Austrian AudioVisions

AudioVisions appropriates that most exhausted of forms, the music video, demolishing its crass conceptualizations. We get a rhythmic replacement, spare in visual composition but subtly rich, a melding of sound to palette and pulse. This could be maximalism hiding beneath the surface of minimalism as we see in reMI's Teufel Eintritt (2000, 9 mins), where text reads like a ghost in the machine; or in Jürgen Moritz's Santora (1998, 4 mins), a slowly building triad of geometric patterns.
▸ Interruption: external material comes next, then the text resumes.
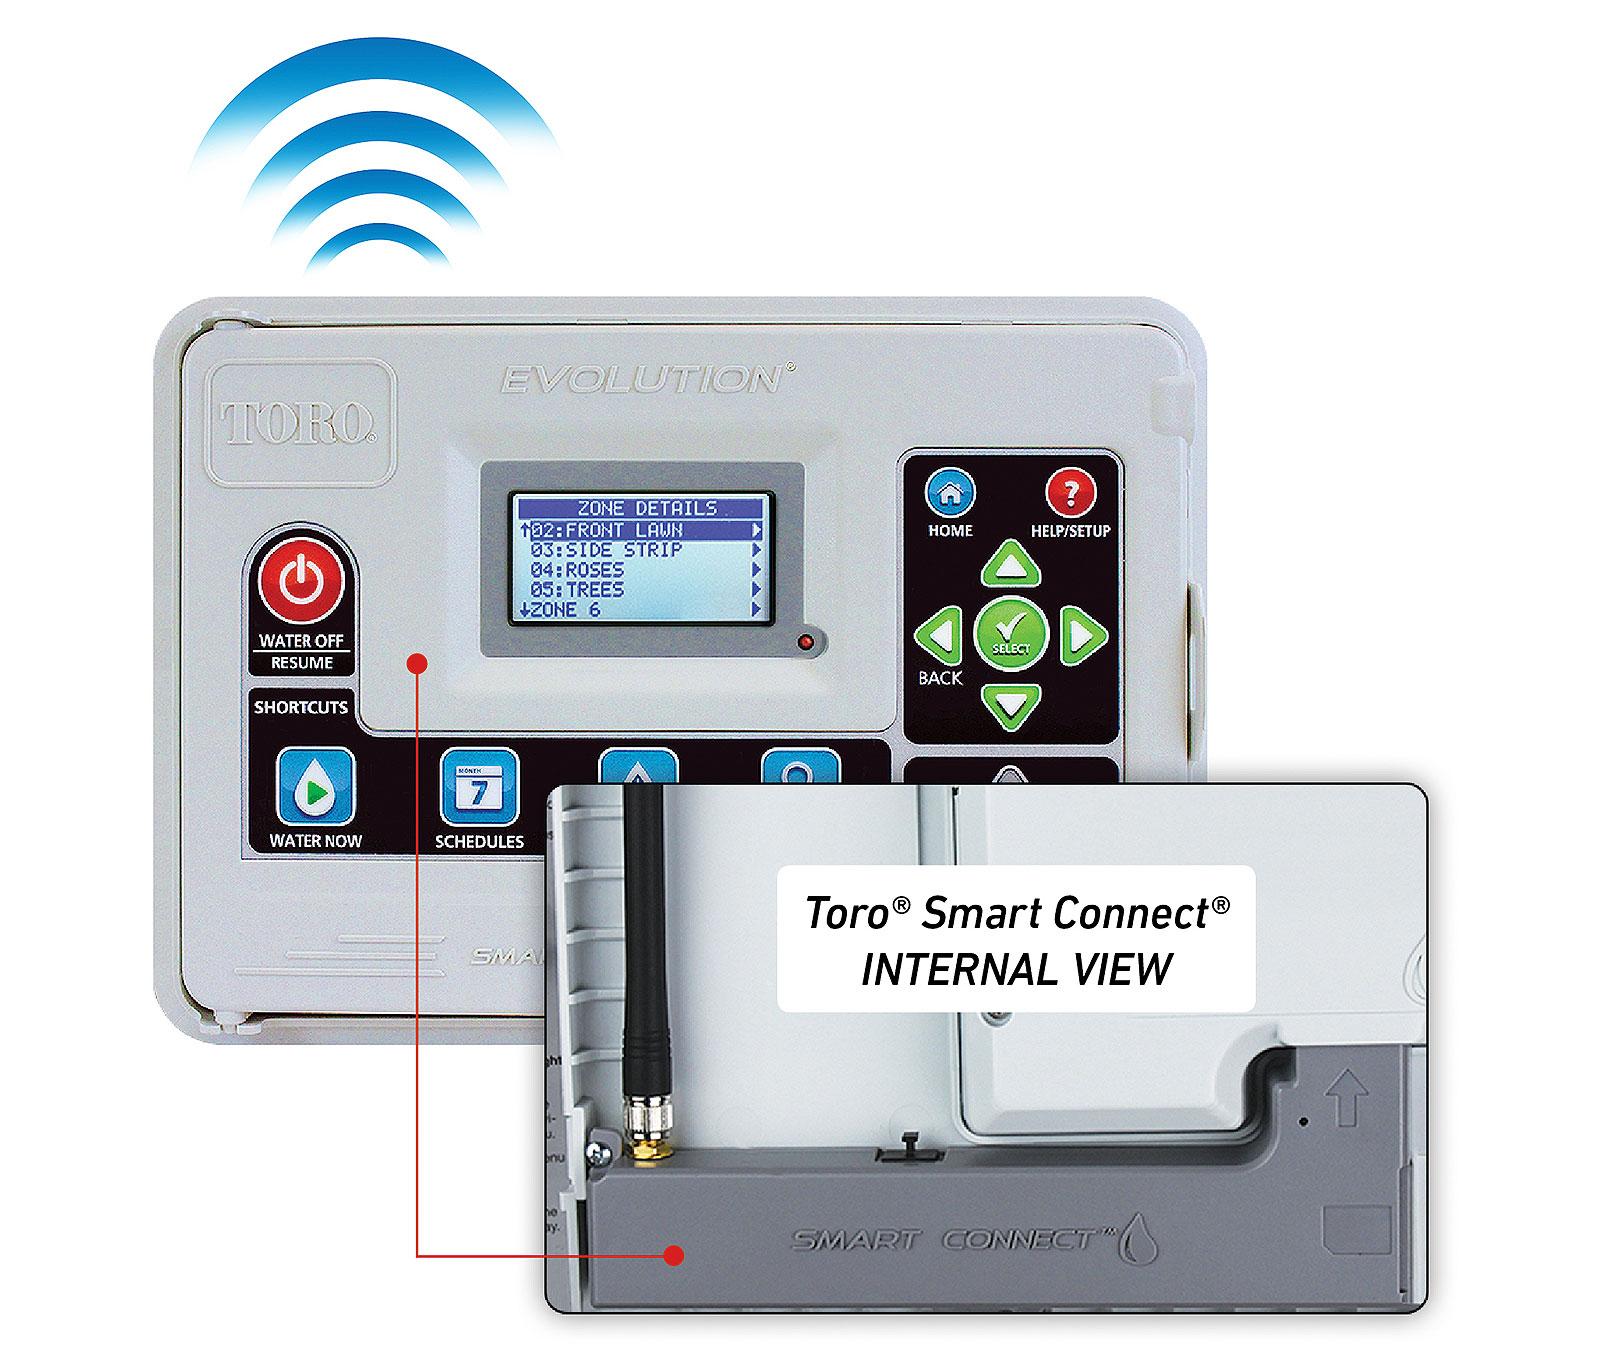 medium resolution of toro evolution series controller rh toro com toro wheel horse tractors wiring toro ignition switch wiring

Other works rely on intricate equations between the unfolding images and sound generation, such as Michaela Schwentner's Transistor (2000, 6 mins), a structural model built around a gridwork of music; or maia./notdef's Version One (2000, 3:25 mins), in which noise vectors mutate. Only a few of these works draw on figurative sources-Tinhoko's Relifted (2000, 7 mins), in which photographs of Japan are irretrievably manipulated; or Paul Divjak's Le Matin (2000, 4 mins), a study of intense channel surfing. Most rely instead on the interference patterns endemic to the video medium. Of course, no Austrian program would be complete without alpine cliché, which is exactly what Siegfried Fruhauf's Höhenrausch (1999, 4 mins) thrives on as the finale of this ear–opening event.
Also inzcluded: Unterwerk by Dariusz Krzeczek (2000, 2 mins); Instrument by Jürgen Moritz (1997, 5 mins); Overfart by Ben Pointeker (1999, 6 mins); Traxdata by Jürgen Moritz (1998, 4 mins); Rewind by (n:ja) (2000, 5 mins); Aus by Skot (1998, 4 mins).